=== Section Start ===

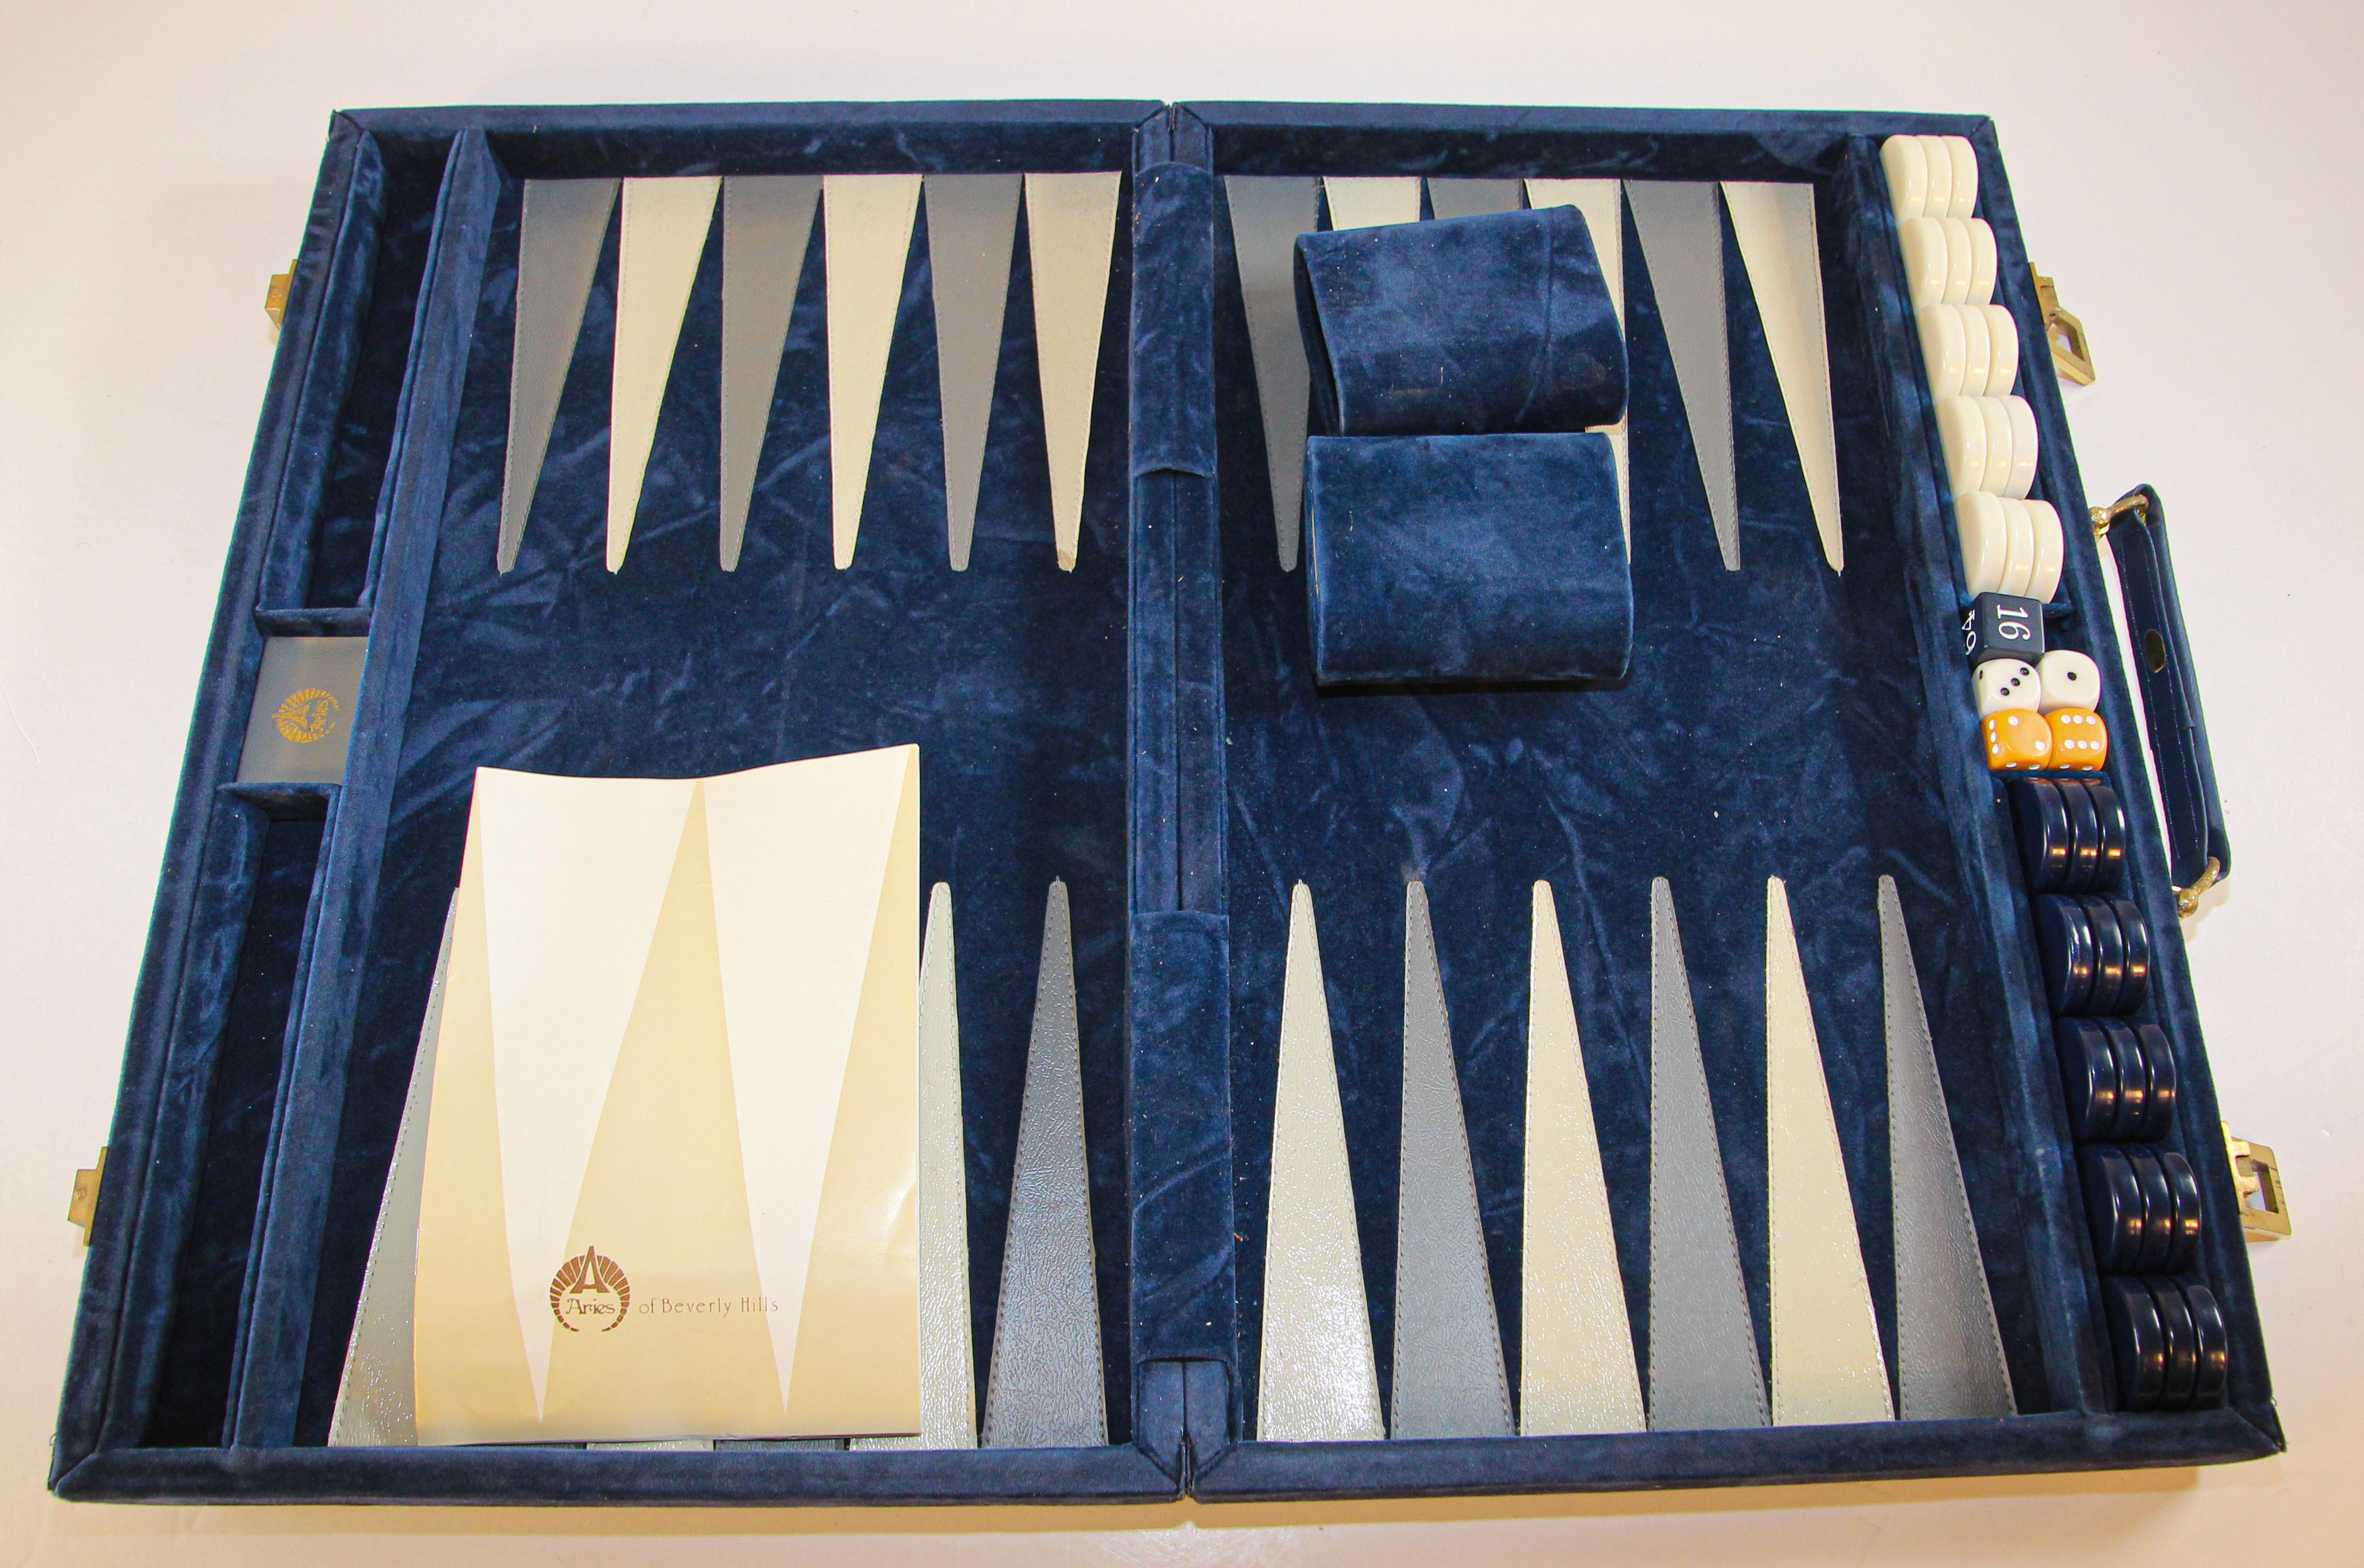 Vintage collector Aries Backgammon set in a briefcase blue velvet fabric 1970s.
This is an exclusive Aries of Beverly Hills Backgammon professional set crafted in an exterior blue velvet fabric. It securely closes with two brass plated latches.The
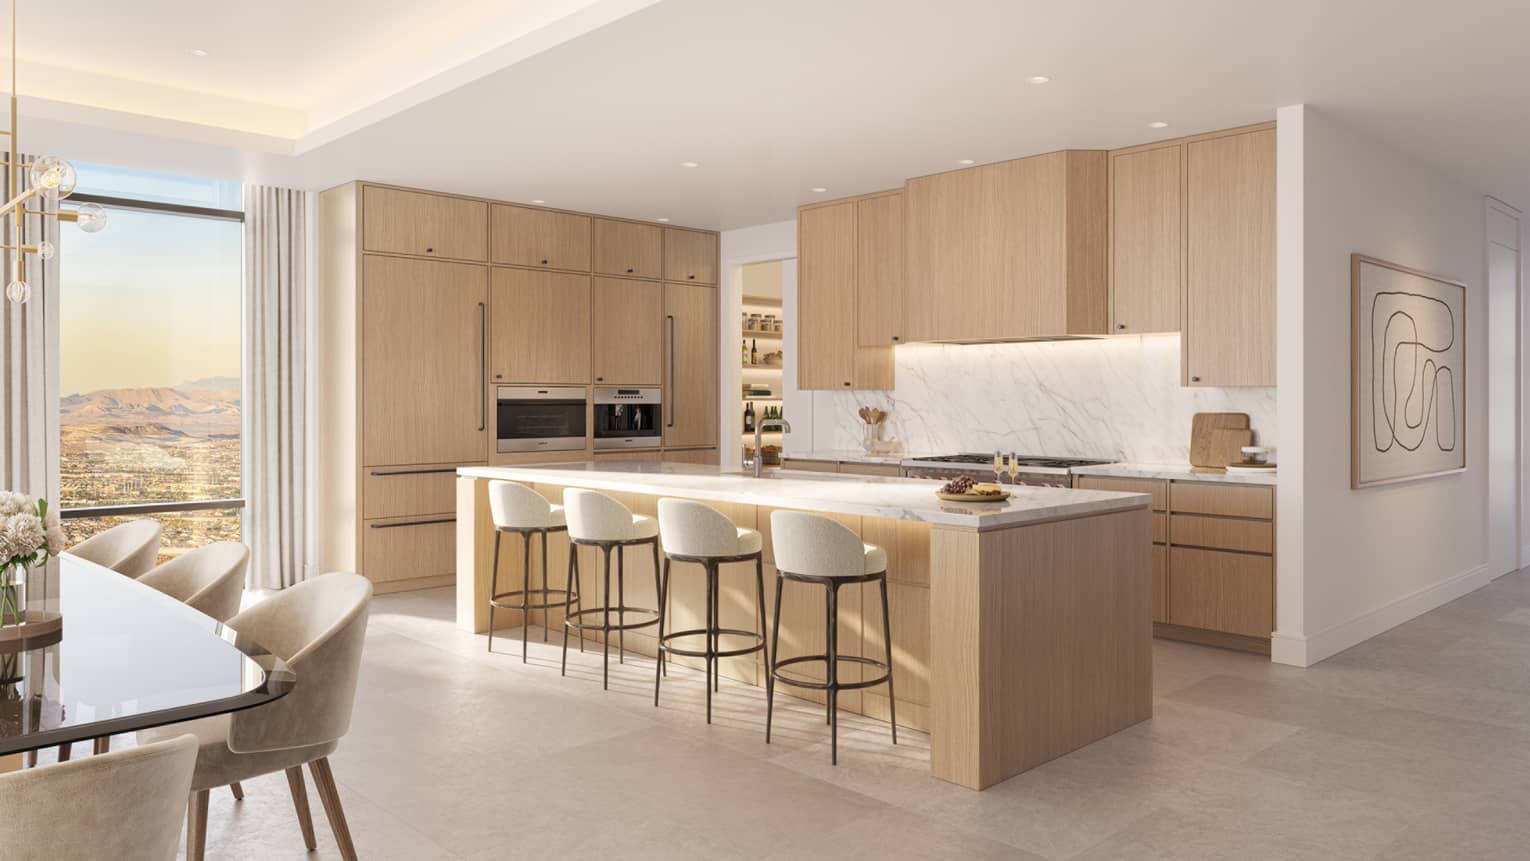 Rendering of residence kitchen and bar area
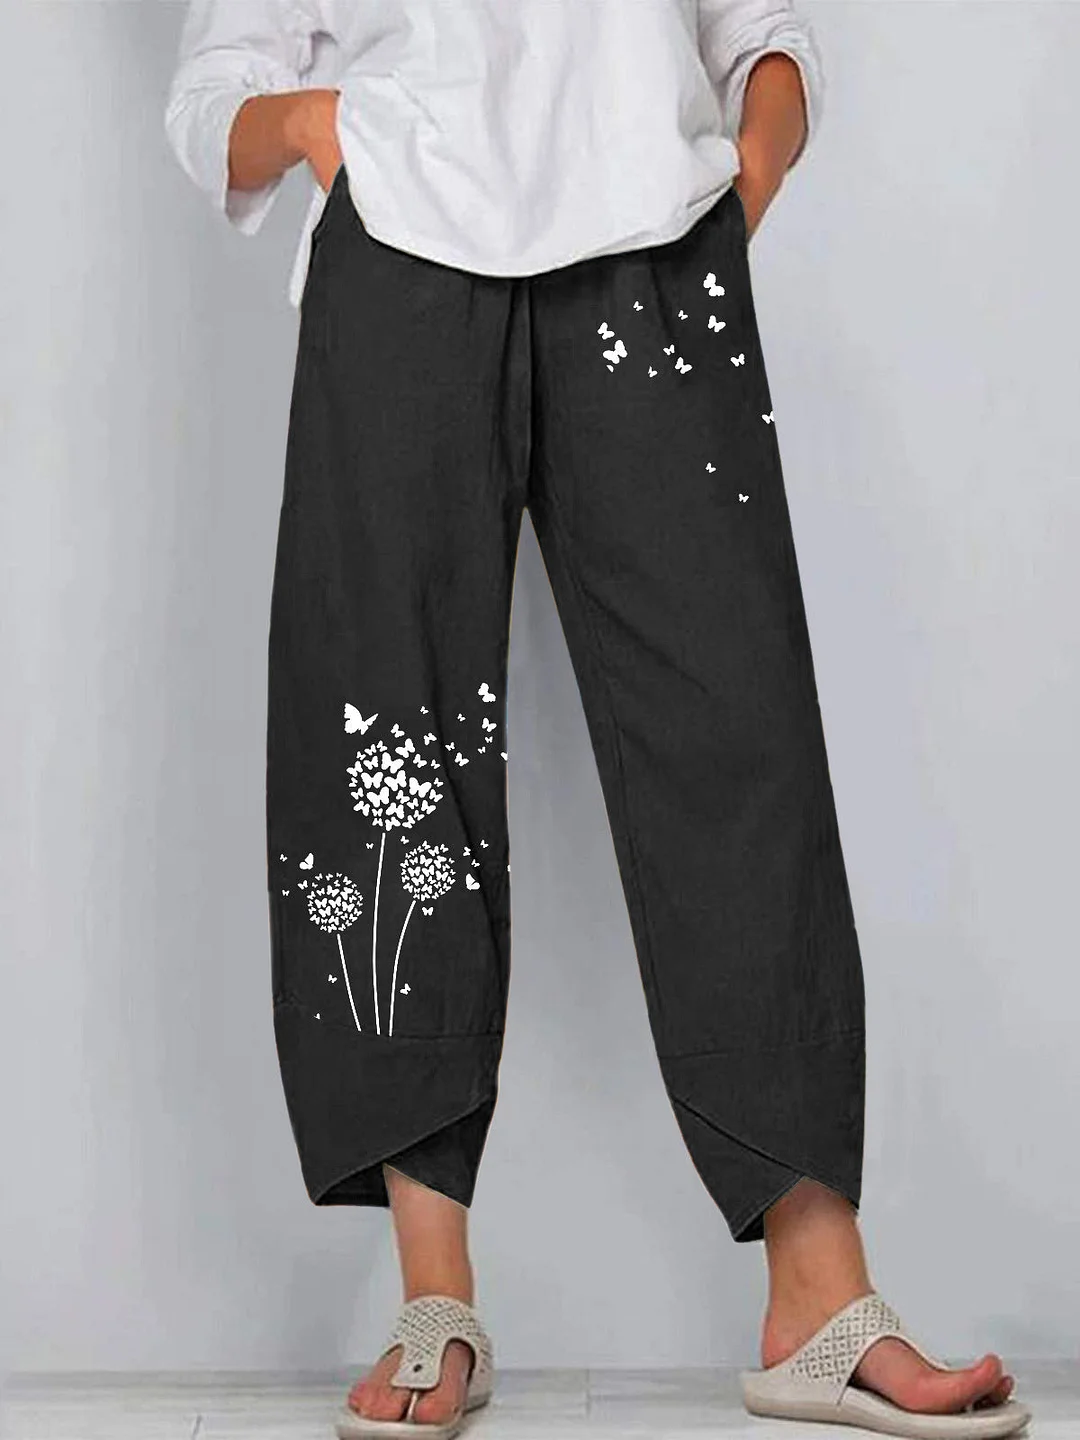 Women plus size clothing Women's Summer Casual Loose Graphic Printed Wide Leg Pants Casual Pants-Nordswear

=== Section End ===

• Description of the task
Please write out, exactly, every line from the line with "This is an exclusive" through the final line of the data above, leaving out pictures.

• Written response
This is an exclusive Aries of Beverly Hills Backgammon professional set crafted in an exterior blue velvet fabric. It securely closes with two brass plated latches.The
 Rendering of residence kitchen and bar area
 Women plus size clothing Women's Summer Casual Loose Graphic Printed Wide Leg Pants Casual Pants-Nordswear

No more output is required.